Some of the key issues you need to navigate when scaling GenAI adoption across software teams include:

  • Diverse stakeholder groups & emotions

    GenAI is a very triggering topic for people. Some individuals will be mistrustful and skeptical about the value of GenAI output. Others will be concerned about what all this means for their professional future (see ‘Will AI replace software engineers?’). Then there are the passionate advocates with sky-high expectations. The picture can look very different from one group or stakeholder to the next. A nuanced, people-first approach is essential for building and maintaining trust.

  • Organisational resistance

    As with any new technology or process, GenAI adoption might be impacted or slowed by organisational inertia. Stakeholders are often wary of high-promise solutions. If you don’t deploy GenAI in a planned, purposeful way and it misses the mark, the wider organisation will likely double down on its hesitant stance.

  • Running before you can walk

    If you deploy a tool without a plan, and its abilities are too broad, you won’t be able to monitor its success or steer it towards more targeted uses. At the end of the day, GenAI is just another tool, and the usual rules around tool adoption apply: it needs to deliver the relevant and measurable results that will motivate people to use it more and more. 

Managing these issues requires a structured deployment process that delivers results you can measure. With governance to ensure you’re staying true to your policies and values in a rapidly evolving AI landscape.

‘Tech adoption requires change, and change is about people. Many engineers will be skeptical about how GenAI tools can help them. However, our projects consistently demonstrate that, with hands-on experience and expert guidance, engineers increasingly recognise the value these tools bring to their work’. 

A structured approach for deploying GenAI in software teams

Our findings show that the best results come from starting small to build success stories the organisation can grow and build upon.

Together, our client work, a long heritage in software engineering, and our collaborations with Microsoft-owned GitHub Copilot suggest that GenAI adoption benefits from an approach that:

  • Starts with a pilot programme and a phased approach
  • Manages expectations and addresses concerns up front
  • Establishes a governance framework and reinforces accountability
  • Gathers qualitative and quantitative insights to enable steering and monitoring
  • Focuses on skills development and continuous improvement
  • Fosters knowledge exchange across company structures

Taking a structured approach like this means you’ll be able to deploy GenAI solutions as part of a framework that can scale sustainably.
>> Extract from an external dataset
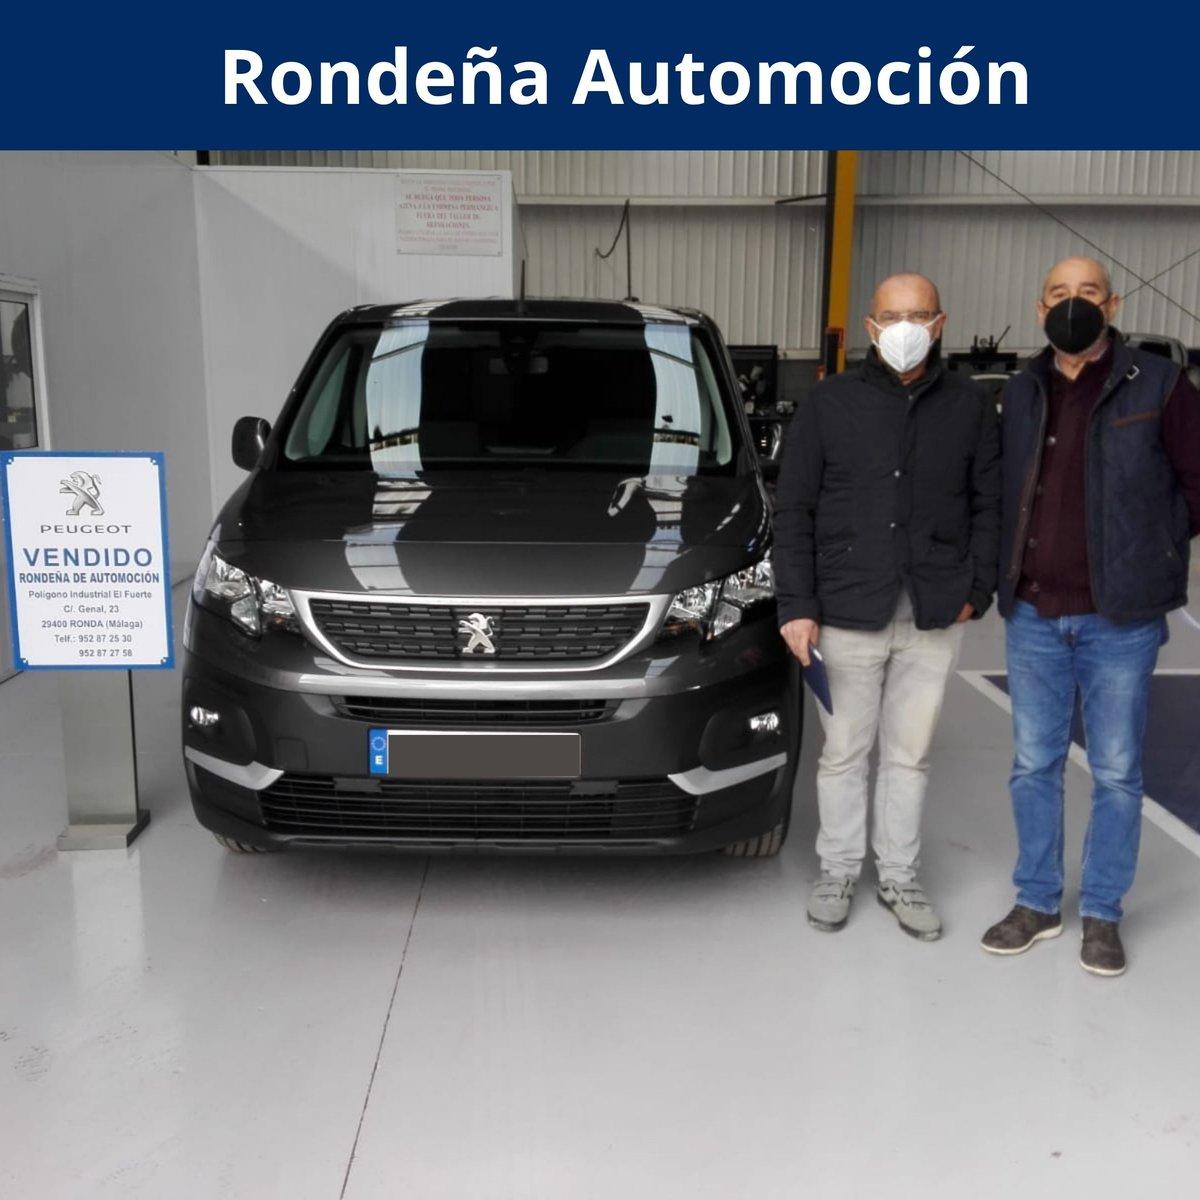 👉 Curro Sanchez haciendo entrega de la #PeugeotRifter BHDI 100CV Version Long !! Muchas gracias por la confianza depositada por Antonio Pérez, esperamos la disfrute mucho 😊  ☎️ Mas información: 952 87 25 30 o 952 87 27 58  .  #coche #peugeot #car #kia #segundamano #SEMINUEVO

5 essential steps in your GenAI pilot programme

In our experience, the following five steps are key for starting your GenAI pilot and measuring the impact within your software engineering teams.

Looped process diagram showing five stages of GenAI adoption: Kickoff, Discovery, Onboarding, Pilot Programme, and Iteration & Improvement. Graphic: A cyclical framework for piloting GenAI adoption, progressing through five key stages from initiation to continuous improvement.
  • 1. Kickoff

    Defining your goal: The initial phase is about aligning expectations, defining the pilot’s aim, and identifying the participating team. This includes clearly outlining your goals, resources, and constraints. And addressing the essential question: what would success look like in your environment or context? 

  • 2. Discovery

    Making it tangible and relevant: This phase assesses the maturity of your technical environment and software development processes to ensure the right rollout and use cases for your organisation. This is where you’ll identify potential pain points, alongside highlighting bespoke onboarding needs. The goal here is to make sure the pilot and onboarding are as relevant to everyday use cases as possible. That’s key to engaging people and ensuring their ongoing participation and motivation. This is where you also define the metrics you'll monitor throughout the pilot phase to inform how you’ll continue to move forward. 

  • 3. Onboarding

    Training your people: Sessions are hosted to train people on how to combine and apply their skills with tools relevant to their work. Here the emphasis is on the potential of tools within existing workflows. And to pinpoint the limitations and risks associated with their usage. It’s essential to reinforce engineers’ accountability for the code they create or commit. 

  • 4. Pilot programme

    Gathering and shaping hands-on experience: A successful pilot programme is tight in scope and frequently measured. It involves one team working on one project, collecting insights to help you gauge impact and success. The aim is to accelerate adoption through positive, tailored use, not by proffering a vague ‘game-changer.’ Real experience comes from doing and shaping. 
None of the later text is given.